Thursday, July 6, 2017

John Helmer — How the Russian Economy Looks if You Aren’t Wearing Nato Night-Fighting Goggles


John Helmer is less optimistic than Jon Hellevig. But Hellevig is in the business of analysis and Helmer is not. The reputational risk therefore falls on Hellevig. Moreover, Hellevig has an organization (Awara) behind him. One would have to dispute Awara's number specifically.

Dances with Bears
John Helmer

3 comments:

Dan Lynch said...

Sergei Glazyev is obvious, but he is window-dressing in the Kremlin wall. Not one of his policy recommendations has been adopted, nor even endorsed in public by the president.

That was my impression as well. Glazyev is often trotted out as an example of progressive Russian thinking, but the people who run Russia do not seem to listen to Glazyev.

Russia has the lowest level of imports (as a share of the GDP) of all major countries… Russia’s very low levels of imports in the global comparison obviously signifies that Russia produces domestically a much higher share of all that it consumes (and invests), this in turn means that the economy is superbly diversified contrary to the claims of the failed experts and policymakers. In fact, it is the most self-sufficient and diversified economy in the world.
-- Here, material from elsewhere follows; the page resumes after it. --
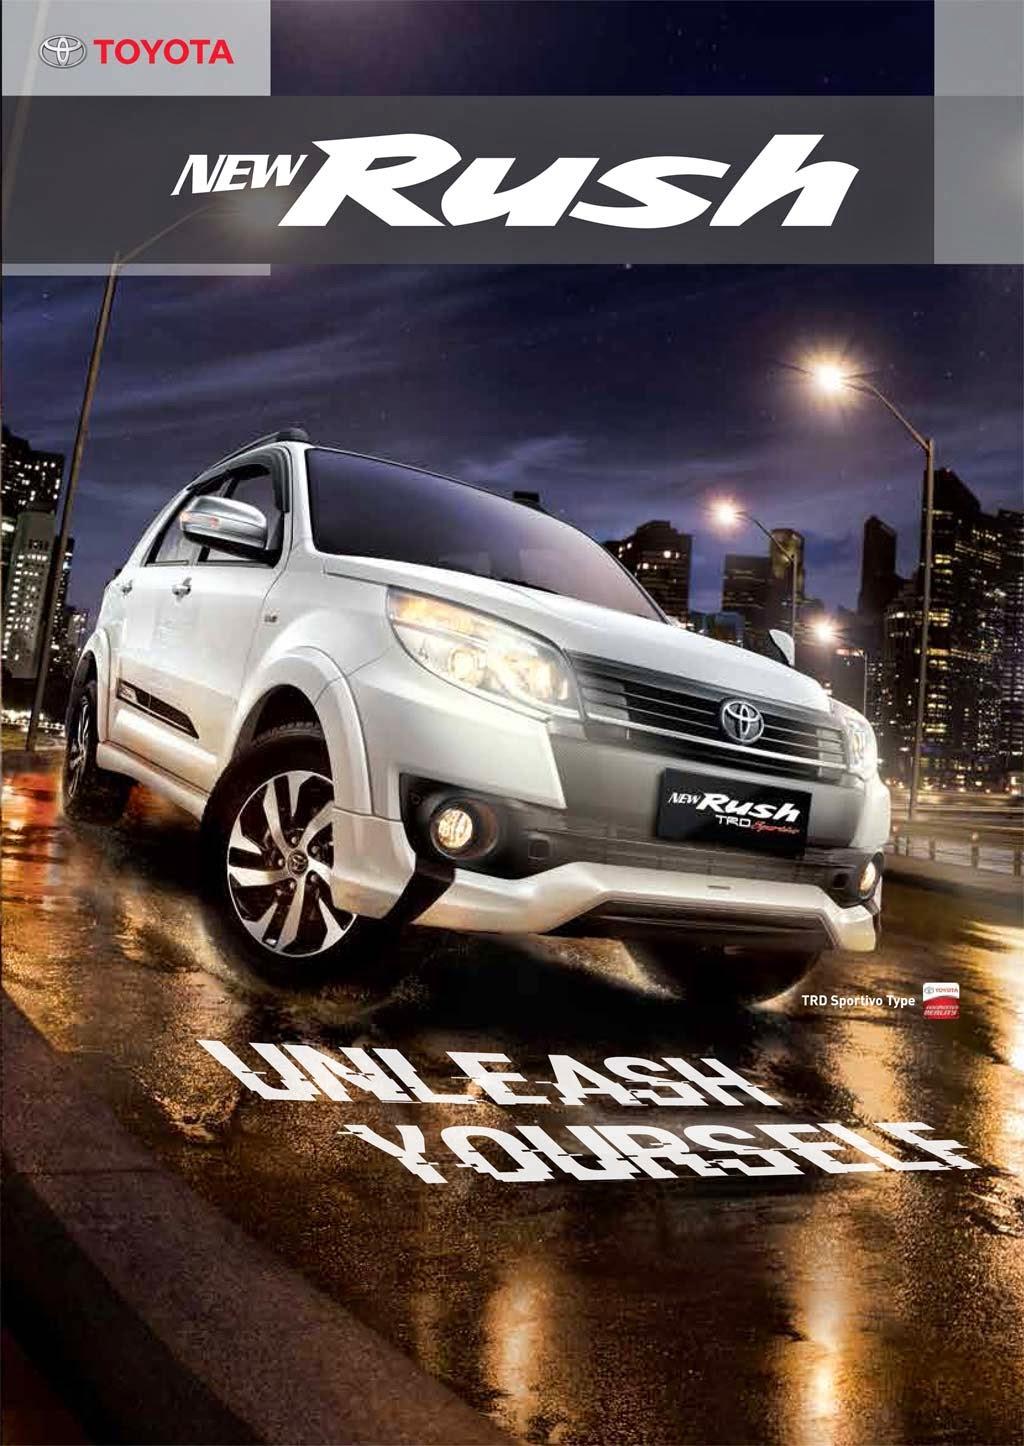 Brosur Grand New Avanza 2018 Toyota Yaris Trd Putih Rush Promo Jakarta

So much for "imports are real benefits and exports are real costs." There is a lot to be said for self-sufficiency.

Thank you for posting this, Tom.

NeilW said...

"There is a lot to be said for self-sufficiency."

You can be self-sufficient and have lots of imports. That way your population has a higher standard of living than they otherwise would have. That is the context of 'imports are real benefits' line (in the context of full domestic employment and 'imports are leakages'). Don't take it out of context.

If you have needed imports you'd better have diversity of supply with sufficient slack to handle sanctions from one supplier and diversity of exports to cover if there is a drop off in demand (including for your savings).

The arguments against autarky are the ones that try and create highly coupled nations - so that the governments of those nations cannot change direction significantly.

GLH said...

Imports are real benefits and exports are real costs for neoliberal banksters. But for labor imports are lost jobs and cheap wages.